Construction PMI shows further decline with little relief in sight

Today’s PMI data by S&P and CIPS showed the headline construction PMI for May fell to 38.2, down from 39.7 in April, as the sector continues to grapple with the prolonged economic impact of the Middle East conflict.

Civil engineering stayed relatively flat at 36.2, up from 35.3 in April, following a period of dry weather. Housebuilding remained below the 40 mark for a seventh consecutive month at 36.0, down from 38.7 month-on-month and the new orders index dropped to 37.5, the lowest figure since May 2020.

Kelly Boorman, National Head ofConstruction at leading audit, tax and consulting firm RSM UK said: “Sentiment across the construction sector has taken a significant blow due to the ongoing impact of the Middle East conflict. The construction industry continues to face subdued activity amid a challenging economic backdrop defined by uncertainty, with the headline PMI dropping further below the 40 mark.

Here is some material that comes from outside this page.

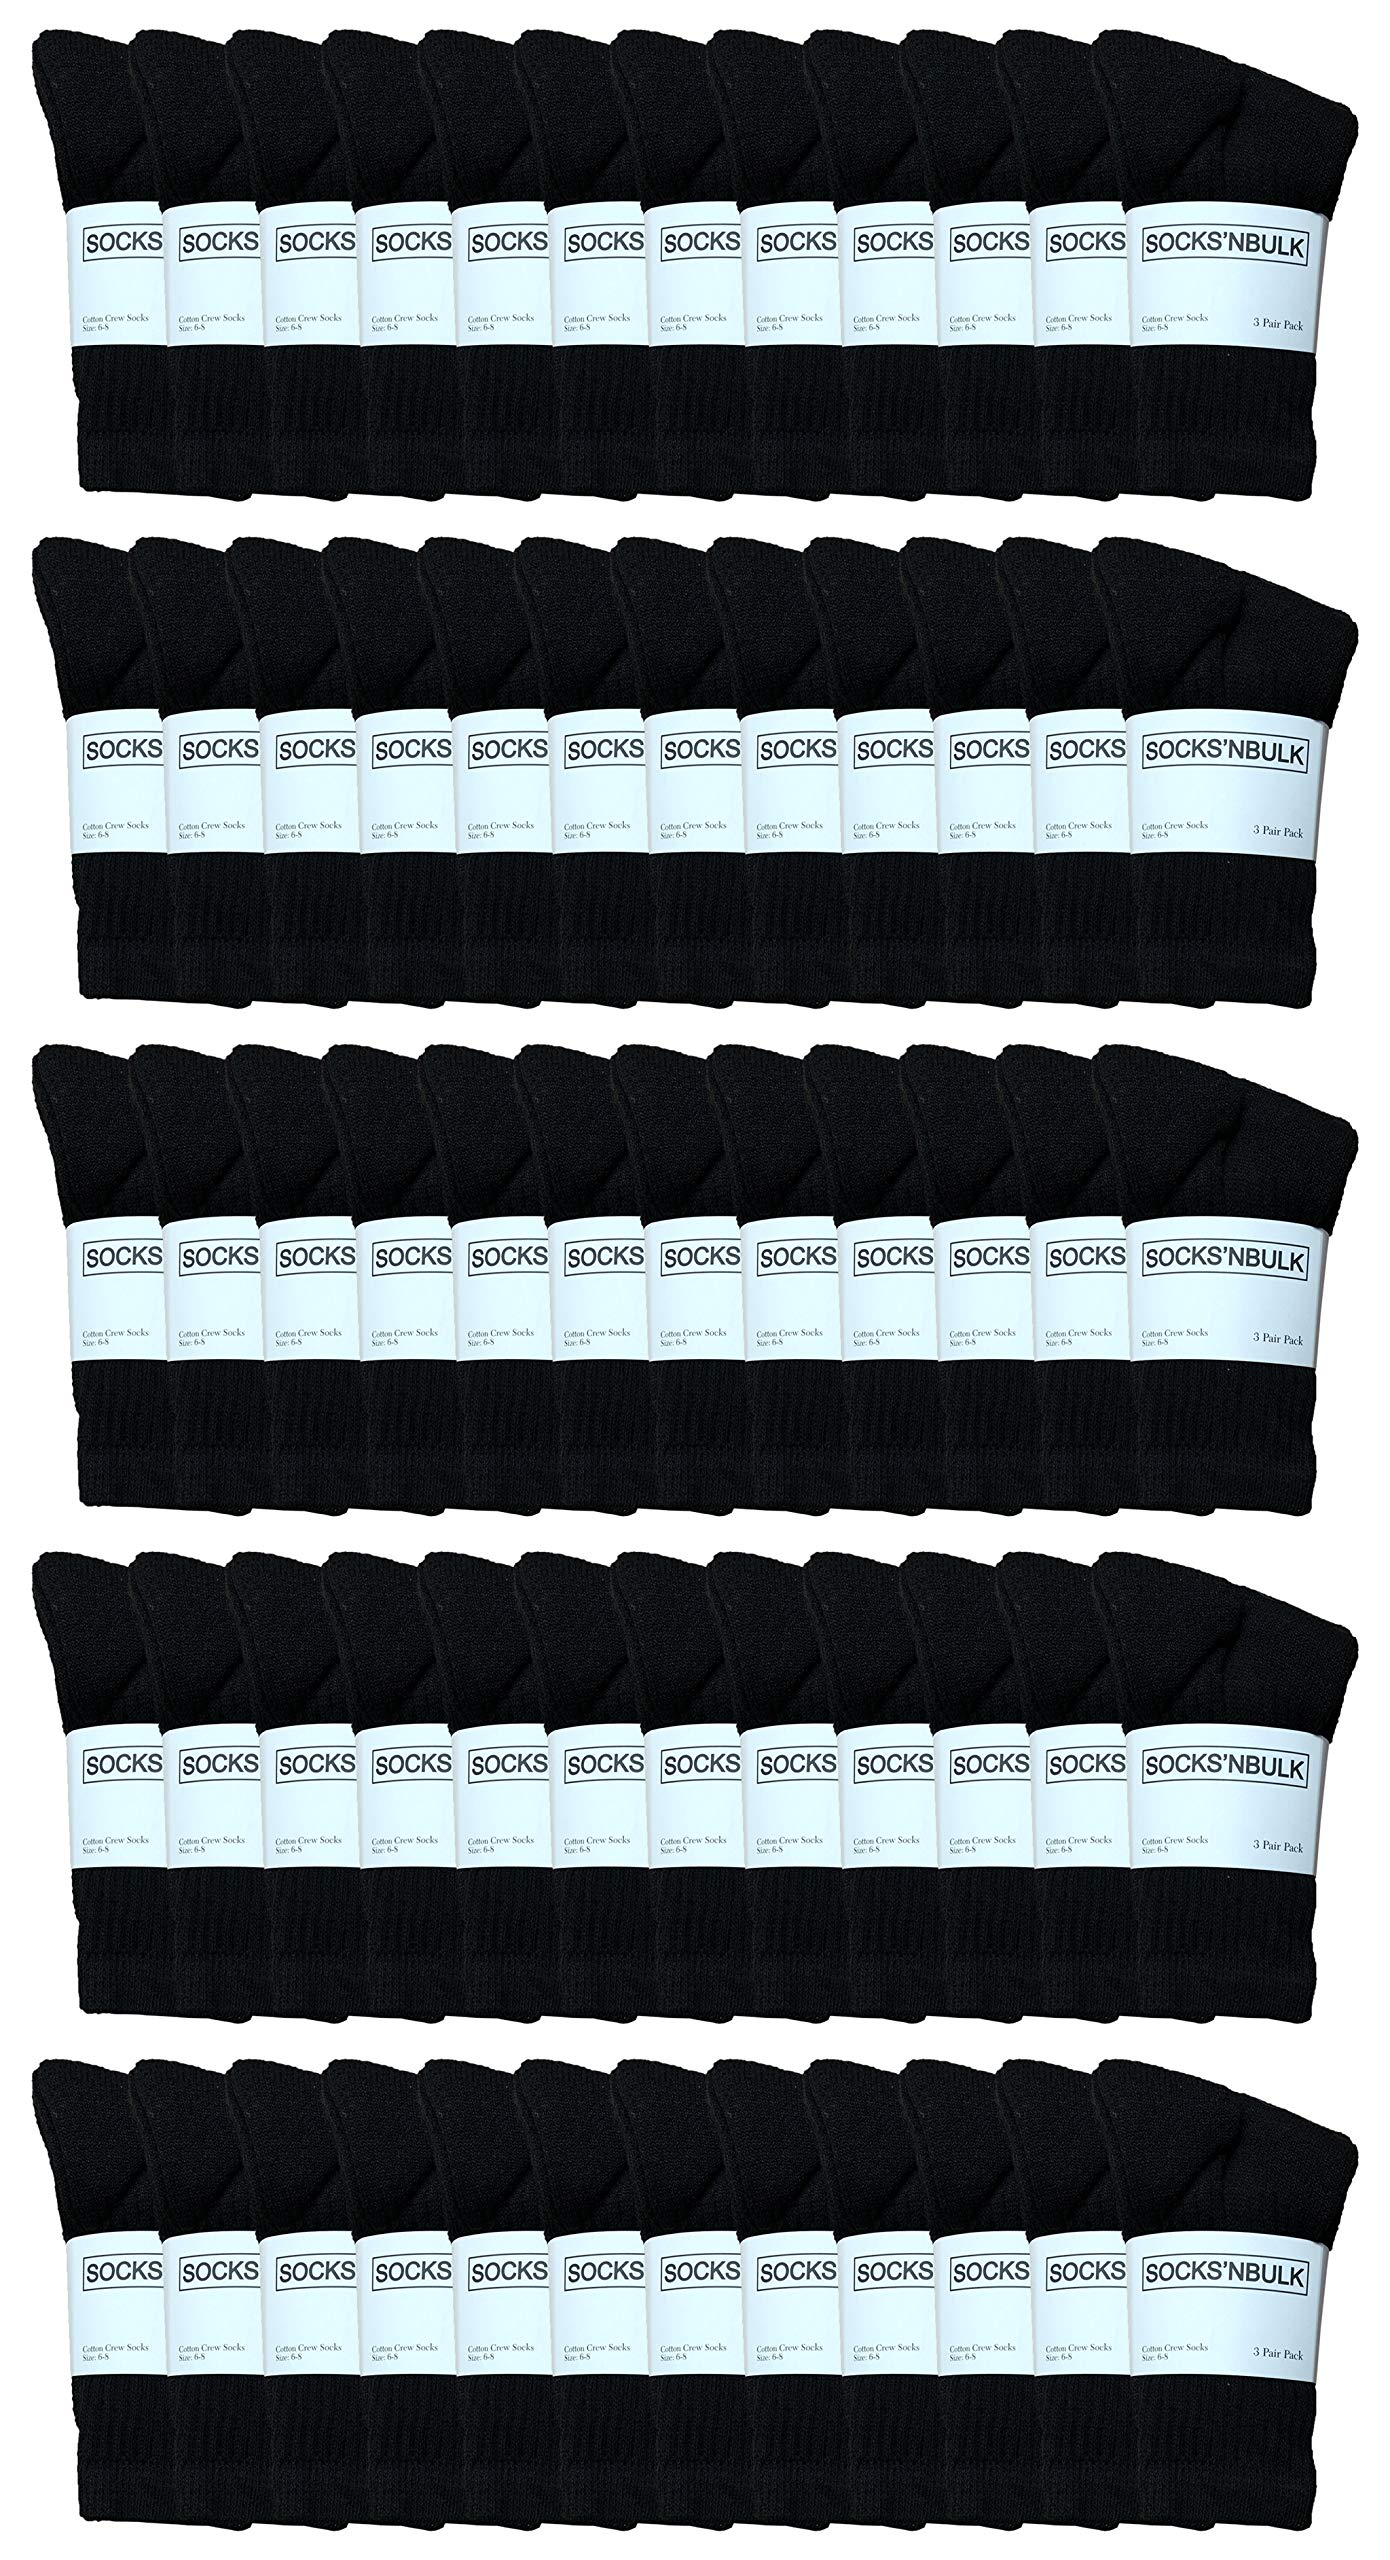 Yacht & Smith 60 Pairs of Kids Sports Crew Socks, Wholesale Bulk Pack Sock by SOCKS'NBULK (Black)

“Housing activity remains particularly low at 36.0, following some recovery from December 2025, as house prices fell in May and rising mortgage rates and cost-of-living concerns knock consumer confidence and enquiries, which had started to pick up at the beginning of the year. The recent fall in oil prices will aid stability but concerns remain around wider economic pressures, as long-term implications of tightening consumer spend suggests a challenging road ahead for housebuilders. Land value is proving resilient, however valuations are expected to see a decline in the coming months if economic pressures persist.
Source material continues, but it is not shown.